Antes que nada, hay que decir que estos mensajes
son muy convencionales, ya que abordan el tema de la mujer desde
una perspectiva superficial, que asume la forma que recientemente
se ha impuesto casi al unísono en los textos exitosos de
esta nueva era: la de la reflexión seudofilosófica
salpicada con pildoritas de autoayuda.
Evidencian los títulos variopintos
la flagrante subordinación que en torno a la mujer ha existido
desde siempre: “Apología del sexo opuesto”, “Elogio
a la mujer brava”, “Mujeres embraguetadas”. Sospecho
que a algunos de estos escritos lo que verdaderamente los sustenta
es el hacernos sentir bien e importantes sólo momentáneamente,
por una parte, con el fin real de que ellos no se sientan tan mal
al percatarse de la sistemática desigualdad que algunos logran
vislumbrar existe entre ellos y nosotras y, por otro lado, para
que luego de sentirnos mejor gracias al discurso reverencial, caigamos
en un abismo mayor al darnos cuenta de que el encomio provenía,
principalmente, de un deseo egoísta del varón por
quitarse de encima la basurilla en el ojo que significa tomar conciencia
de que “en verdad, es que me la estoy pasando lindamente con
esta útil condición”. Circula por allí
un texto titulado “¿Qué es un mujerón?”,
que más bien pareciera tratarse de un marido que disculpa
a su mujer por no ser como Naomi Campbell o Cindy Crawford y que,
al mismo tiempo, intenta convencerse de que ella sí es un
mujerón porque “regresa del supermercado después
de haber pesquisado precios y hacer malabarismos con el presupuesto”
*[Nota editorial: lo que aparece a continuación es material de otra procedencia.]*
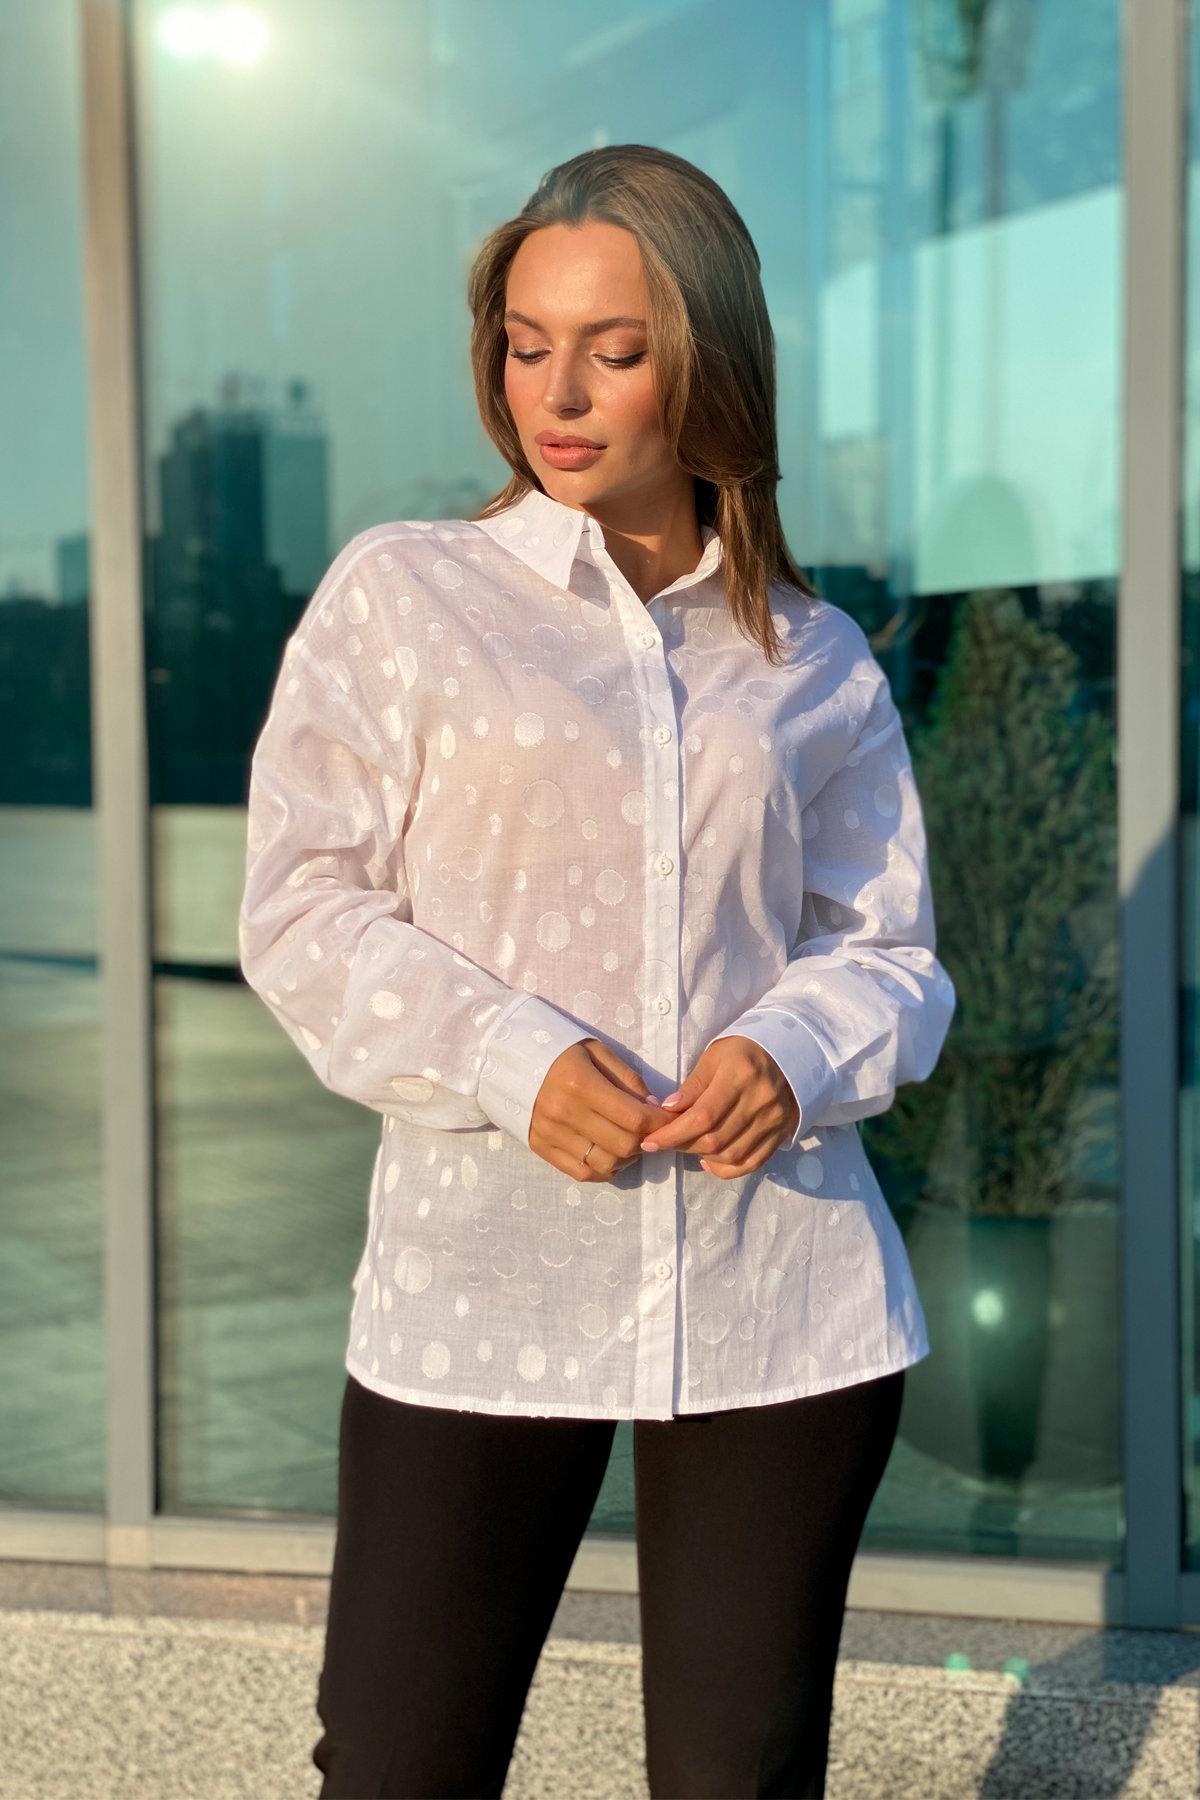 Блуза Эйплс 96242 АРТ. 45930 Цвет: Белый - фото 8, интернет магазин tm-modus.ru

o porque es “quien lleva a los niños a la escuela y
los va a buscar, los lleva a las clases de natación y los
busca, los lleva a la cama y les cuenta historias, reza con ellos,
les da un beso y apaga la luz”. Es obvio que necesita sacarse
la tonelada de culpa que le produce el desear que su compañera
se asemeje a tales modelos y el dejar tan vacío el papel
que le corresponde ocupar en su hogar. Toda esta verborrea luce
más como un modo de alentarnos a seguir adelante dentro del
rol asignado sempiternamente, e impedir que se nos ocurra zafarnos
de las sujeciones que el orden patriarcal nos ha inculcado.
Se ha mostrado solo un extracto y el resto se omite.